Background: Emerging evidence shows that altered cortical brain maps play a key role in the initiation and maintenance of a human pain experience and therapeutic treatments may positively influence these maps and reduce pain and disability. Objective: To determine if dry needling for spinal pain can positively alter body pain diagrams and if those changes correlate to a reduction in self-reported pain ratings. Design: Case series with pre- and immediate post-intervention measurements. Methods: A convenience sample of adult patients attending physical therapy with back or neck pain meeting inclusion criteria for dry needling was recruited for the study.
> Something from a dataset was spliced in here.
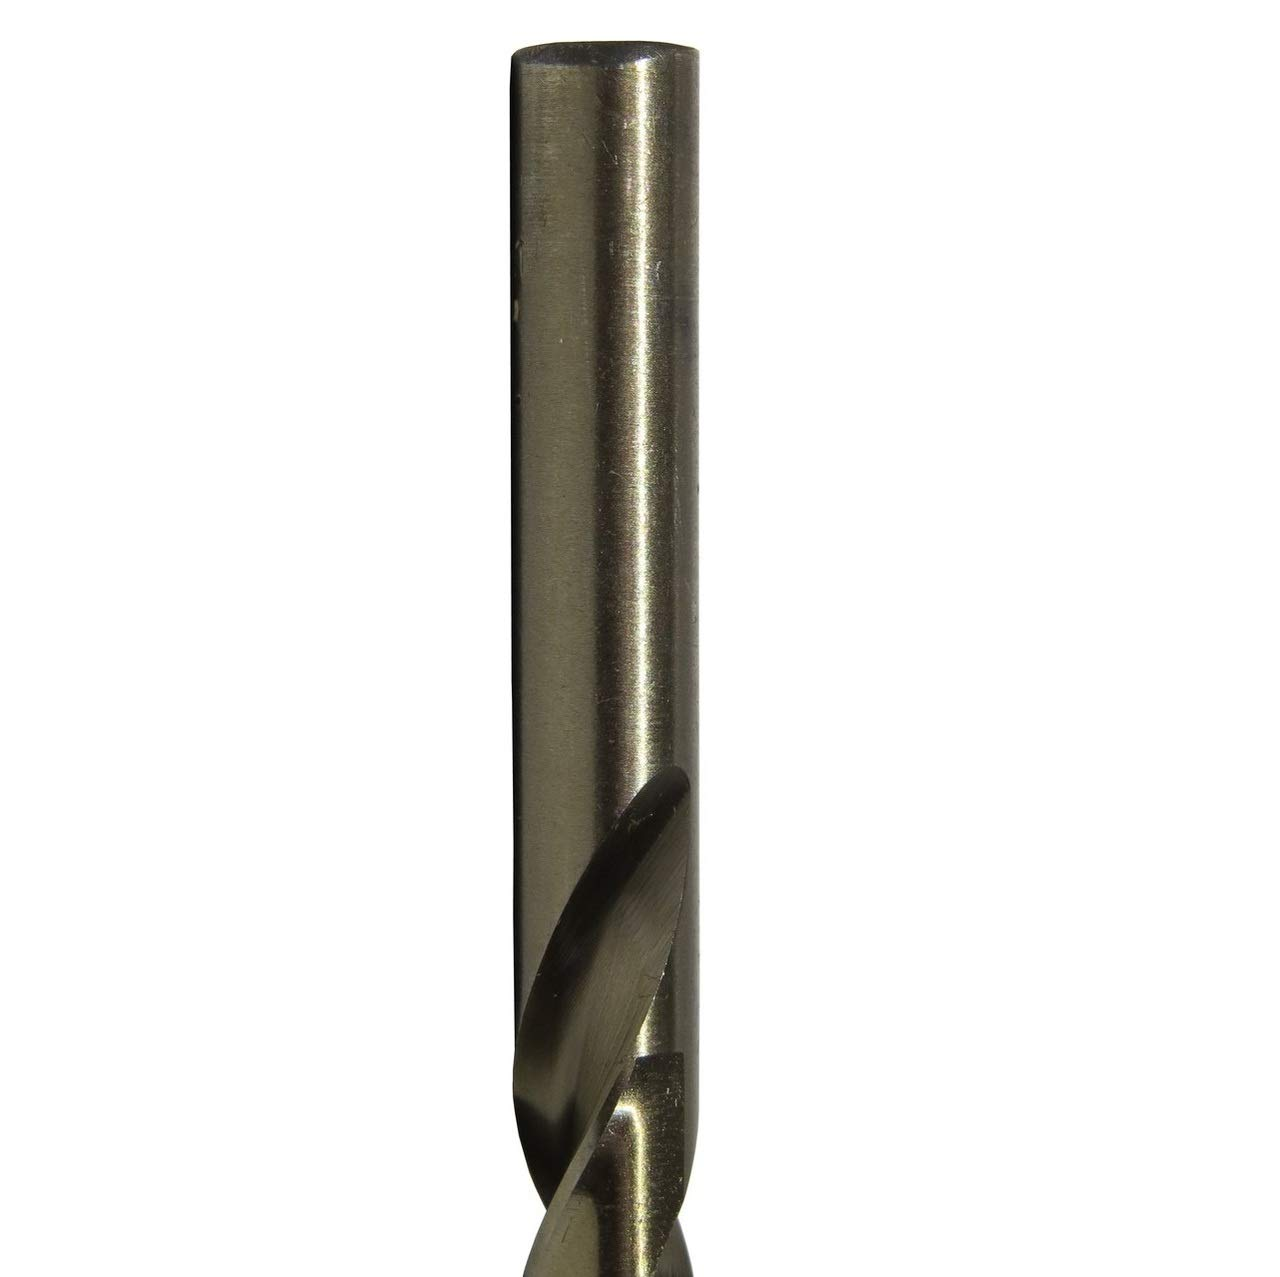 Pack of 6 D//ACO Series Drill America 1//2 Cobalt Heavy Duty Drill Bit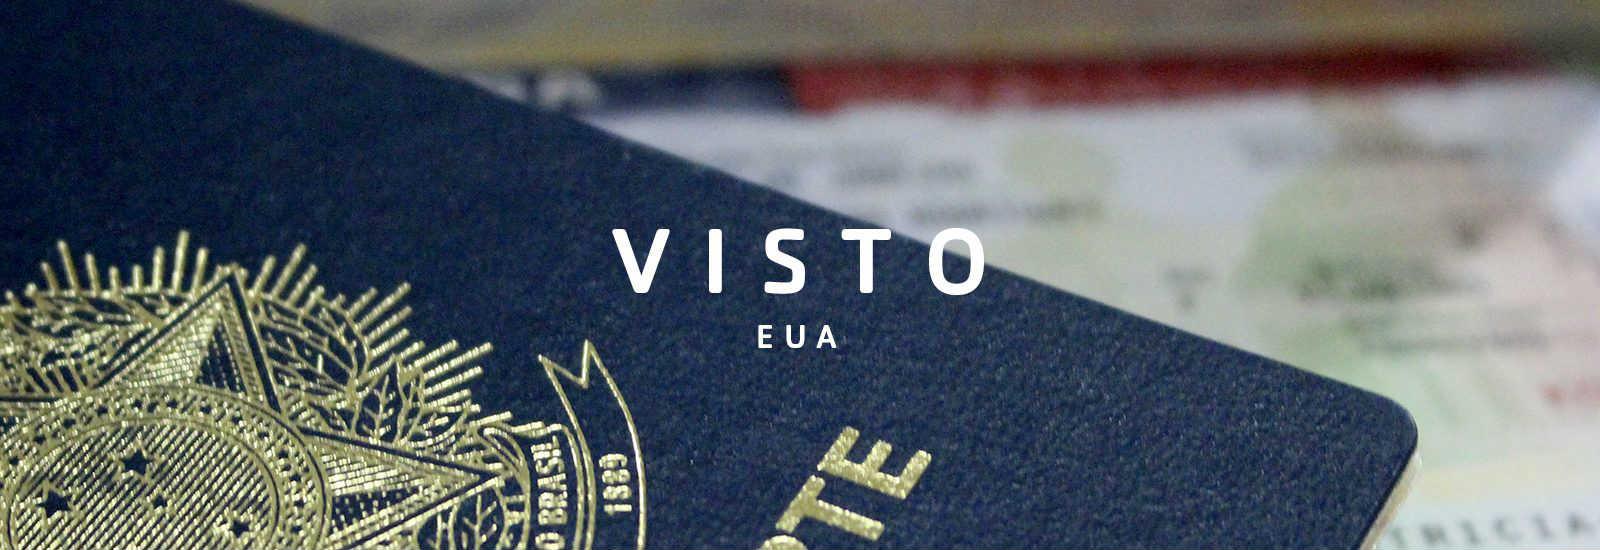 banner intercambio viagens internacional USA assessoria vistos embaixada exterior jovens Belo horizonte agencia ed - Camp Counselor (YCCP)

Prior to dry needling, patients completed a demographics questionnaire, filled in a body pain diagram (color where you hurt) and a self-reported pain rating (numeric pain rating scale). Patients then received a standard dry needling session for the affected area and immediately following dry needling completed a body pain diagram, self-reported pain rating and satisfaction with the treatment using the global rating of change scale. Results: Forty-three patients (76.74% female) participated in the study with 19 patients presenting with low back pain and 24 with neck pain. Following dry needling, mean pain rating for the whole cohort was reduced (p<0.001), with larger effect for low back pain (p < 0.001) than neck pain (p = 0.031). Overall, the whole patient sample’s body pain diagram decreased in size by 50.16% following DN (95%CI = 10.8, 22.6; t(42)=5.67, p < 0.001). When broken down between neck and low back pain, low back maps shrunk by 61.84% (95%CI= 16.1 - 38.6), t(18)=5.1, p < 0.001), whereas neck maps decreased by 33% (95%CI= 4.3 - 12.2, t(23)=4.4, p < .001). Positive correlations were found between the size of the body pain drawings and pain intensity (rs = 0.461 (p = 0.002) as well as reduction of pain after dry needling and reduction in body map drawings (rs = 0.305 (p = 0.047). Conclusion: Dry needling can reduce body map drawings, which correlates to the intensity of pain. A potential underlying mechanism of dry needling may be its effect on neuroplasticity. Additional research is needed to further explore these emerging results.

Introduction

In the mid-1990’s evidence-based practice was introduced to healthcare, including rehabilitation [1]. With the introduction of evidence-based practice clinical decision- making was shifted towards treatments backed by evidence, especially higher levels of evidence including meta-analyses, systematic reviews and high-quality randomized clinical trials. Now, armed with research, clinicians could drive treatment choices based on evidence, versus traditional approaches typically rooted in expert opinion [2].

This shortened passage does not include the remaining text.